In my intorduction I had quoted IMF (ex) grandees Raghuram Rajan (formerly chief economist of IMF, now president of the National Bank of India) and managing director Christine Lagarde, both of whom had lamented that re-regulation had not gone far enough, that massive industry lobbying had pushed back many well-intentioned attempts by regulators and that the global state of financial markets today might be prone to cause another, even deeper, crisis. I had quoted other analysts’ criticism that past regulation efforts neglected macroeconomic and political economy aspects, that the European Banking Union remained perilously incomplete, that efforts for a European financial transactions tax had come to a standstill, that regulatory and tax arbitrage remained a global threat because of the ongoing existence of tax and regulatory havens, that the root causes of the crisis (imbalances between and within countries, the explosion of financial transactions from 15 times GDP to 80 times GDP within 25 years, the concomitant strengthening of the lobbying power of the financial industry, excessive and risk-promoting remuneration systems, and many others) had not been eliminated, that the booming shadow banking sector remained completely unregulated. In short, that despite multiple efforts around the world, a veritable change-around had not occurred. I had used this list of criticisms as a (slightly) provocative way to enliven the panel debate.

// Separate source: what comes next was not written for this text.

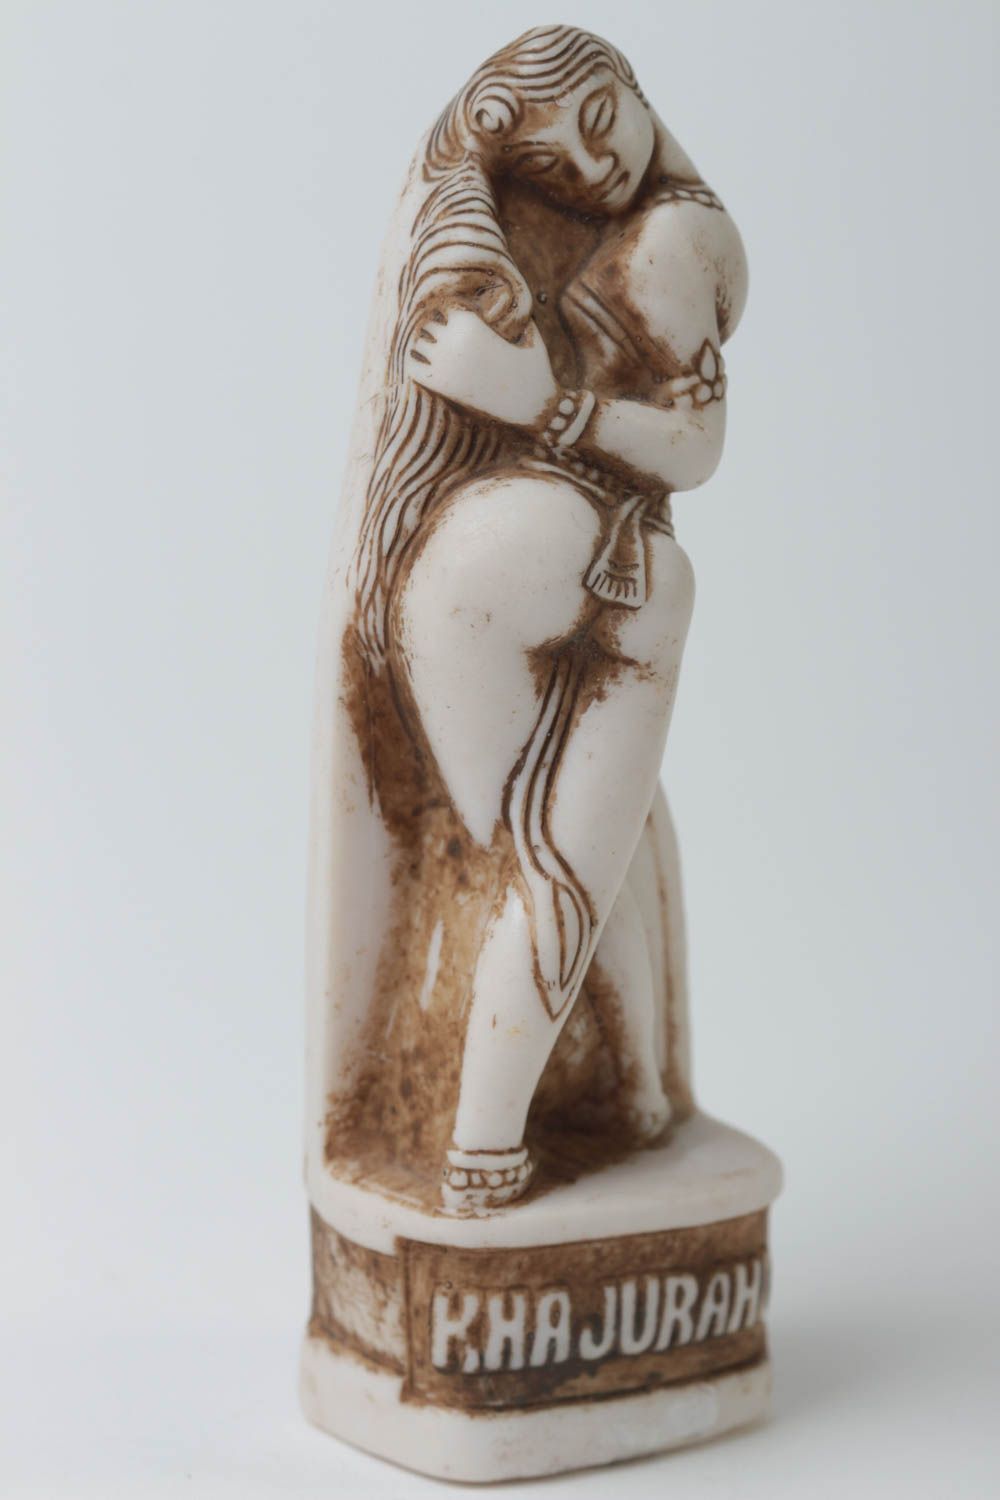 Авторская статуэтка из полимерной смолы сувенир ручной работы Каджурахо фото 2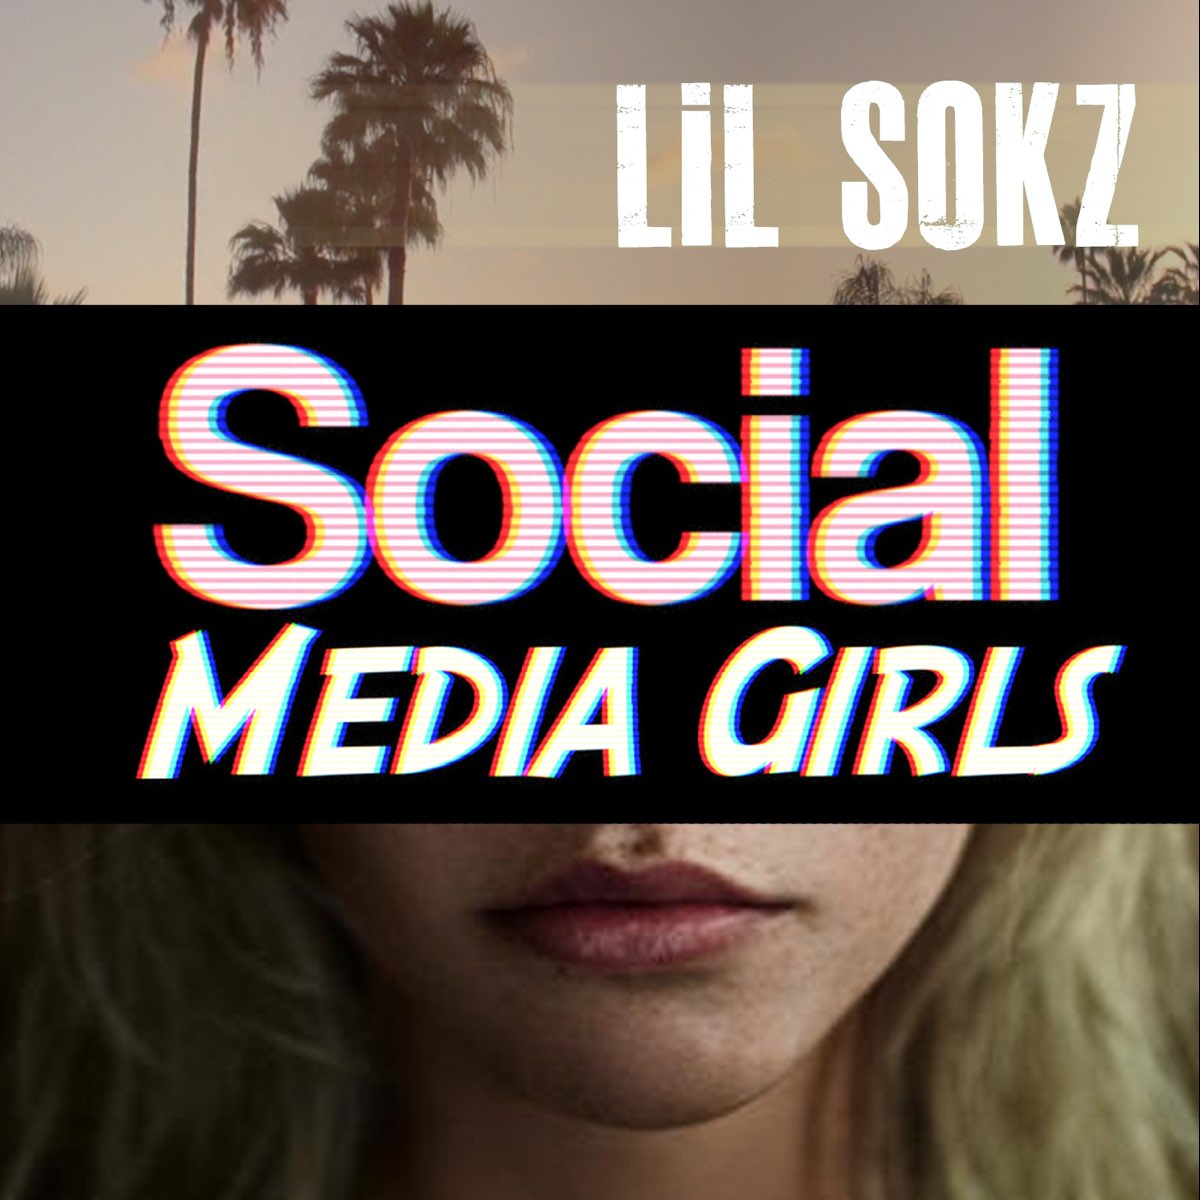 Socialmediagirls

And how I succeeded. The parliamentarian instructed me that I was completely wrong, that he could not disagree more, that the European Parliament had worked night and day to get the Banking Union, the Common Rule Book and many other things on the way, that these days they were starting to tackle the “too-big-to-fail” problem, in short that the European Banking scene today was miles away from that of 2008. The Austrian regulators reported on their efforts in Austria and at the European levels and also showed themselves rather proud of “what had been achieved”. The banker complained about a too high and expensive regulatory burden which threatened to infringe on his bank’s target rate of return of 12% plus. The lobbyist also mentioned the stifling effects of the new regulations and denied the existence of a credit crunch, but stated that it was rather the new regulations which prevented risk-taking and thus extending loans to SME. When I asked the panel whether they did not think that a 12% target rate created new imbalances in an economy which does not grow, whether such a high sectoral rate was not “exploitative” of the other sectors which the financial sector is supposed to serve, I was given rather short shrift and instructed that this was a “risk premium”, thus justified. When I asked about the macroeconomic underpinnings of required regulation, I did not receive any answers. Of course, all the panelists were well informed about their respective tasks, and full of praise or recognition that all the efforts undertaken so far had changed the financial world towards a more sustainable path forward.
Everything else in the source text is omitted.